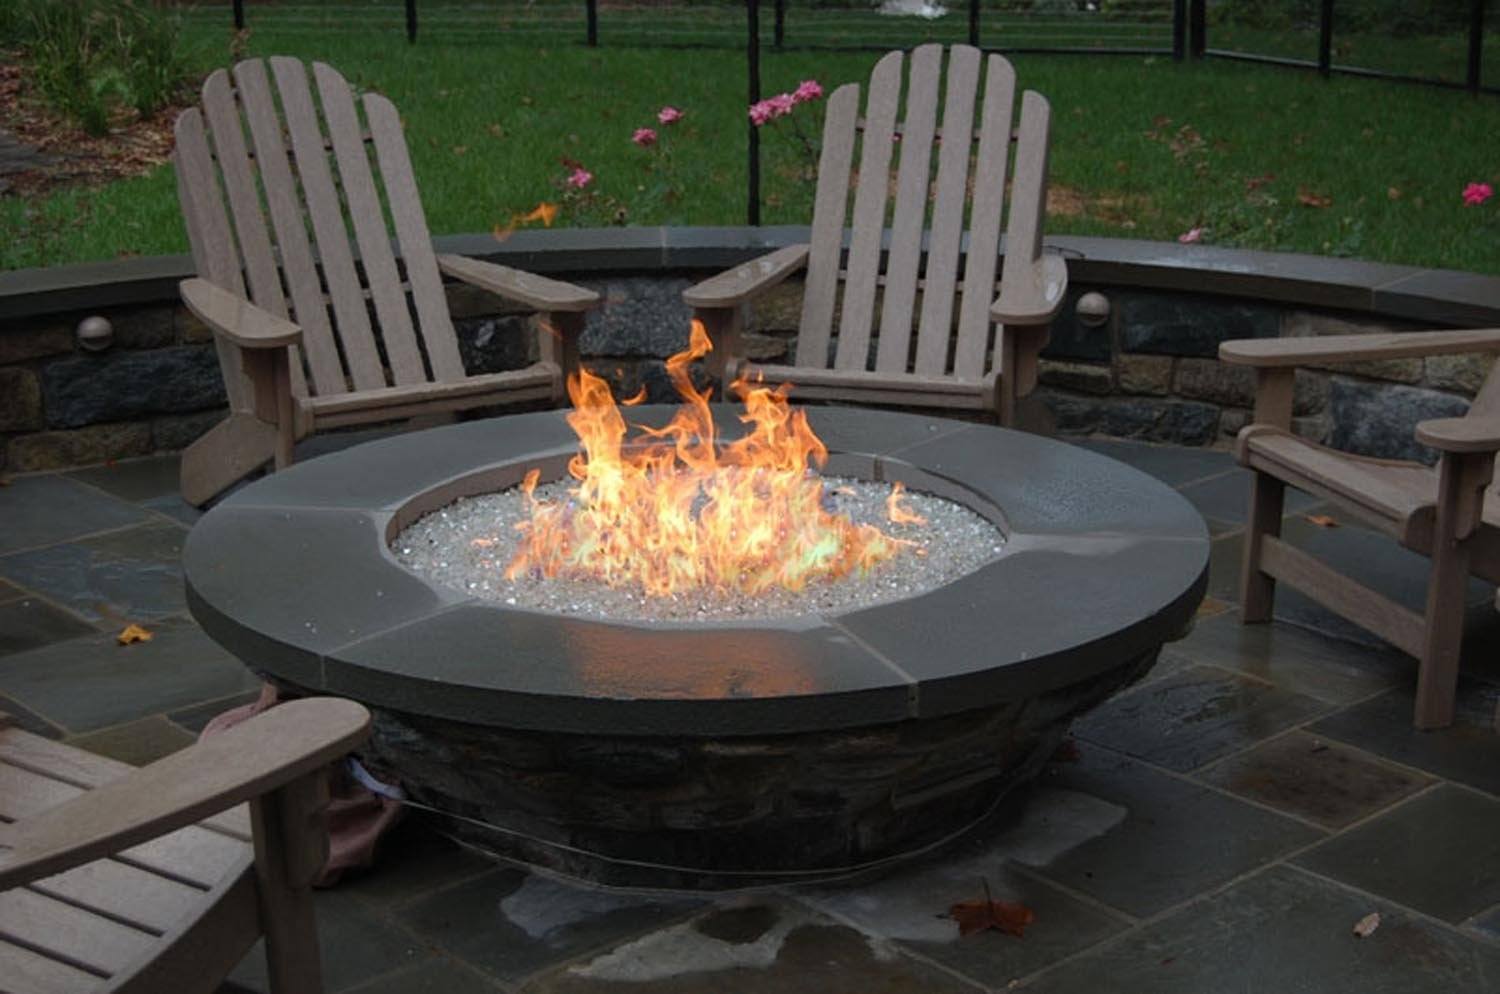 Gas Vs Wood Fire Pit Pros And Cons, Natural Gas Deck Fire Pit
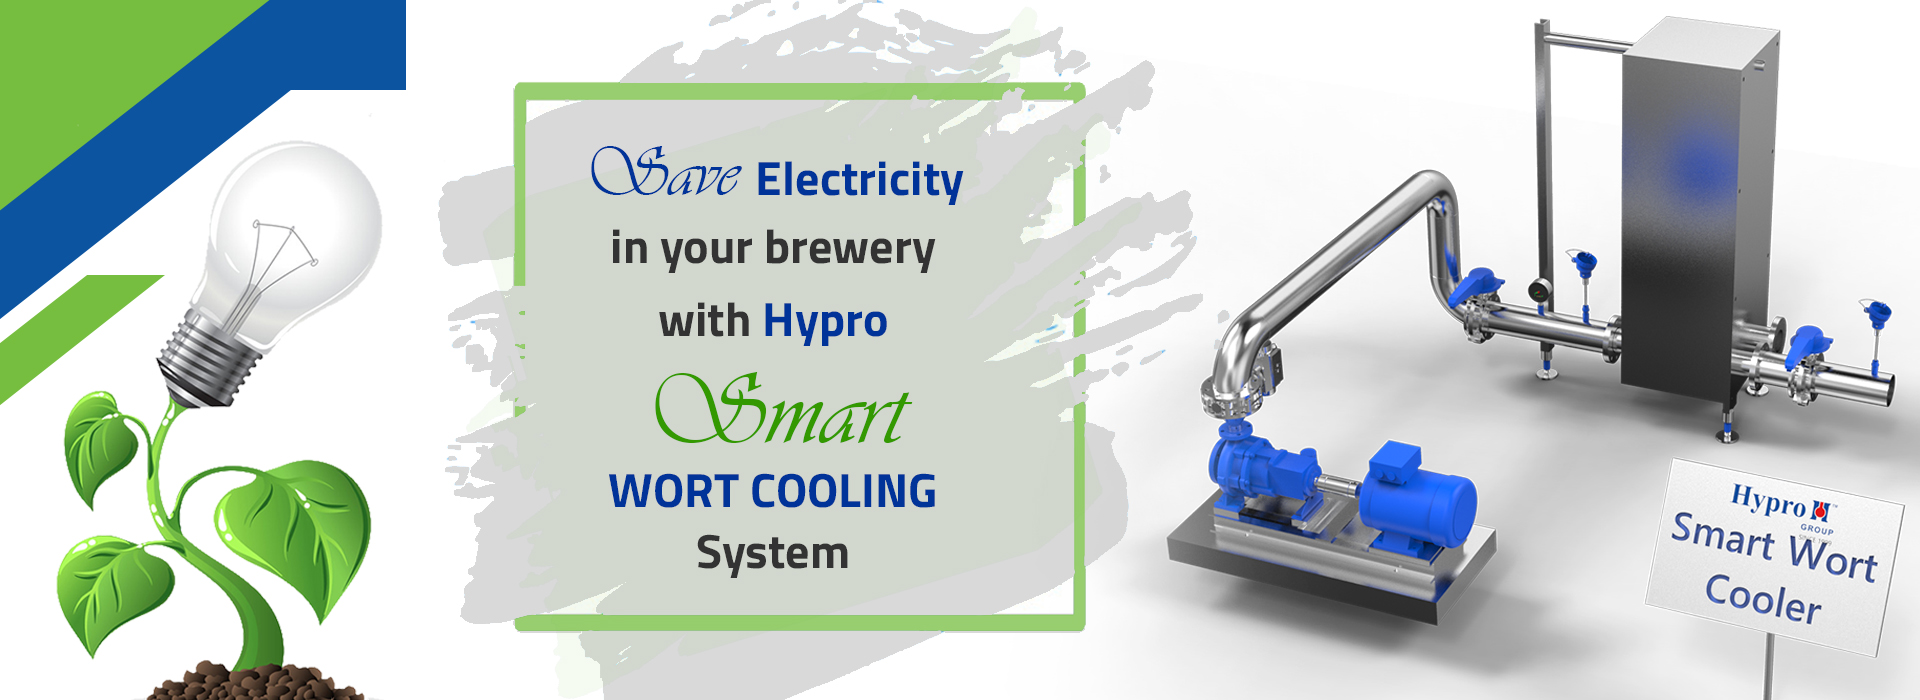 Wort Cooling Hypro
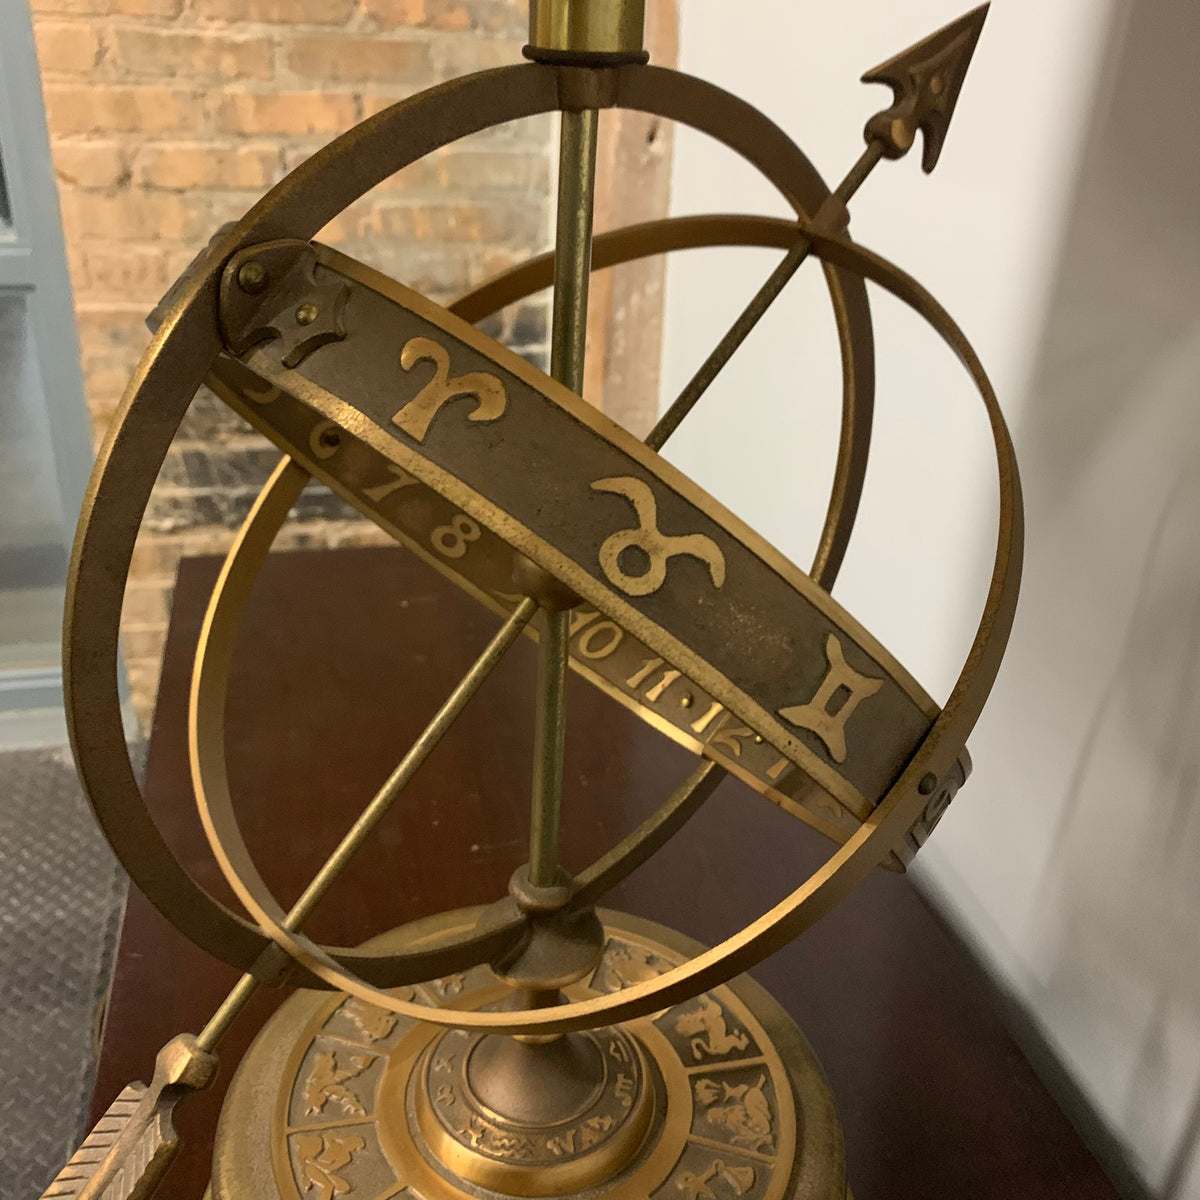 Bronze Astrological Armillary Table Lamp by Frederick Cooper Lamp Co.

- [Directions]: Your answer must be an exact copy of the listing, with every picture omitted.

- [Answer section]:
 Gas Vs Wood Fire Pit Pros And Cons, Natural Gas Deck Fire Pit
 Wort Cooling Hypro
 Bronze Astrological Armillary Table Lamp by Frederick Cooper Lamp Co.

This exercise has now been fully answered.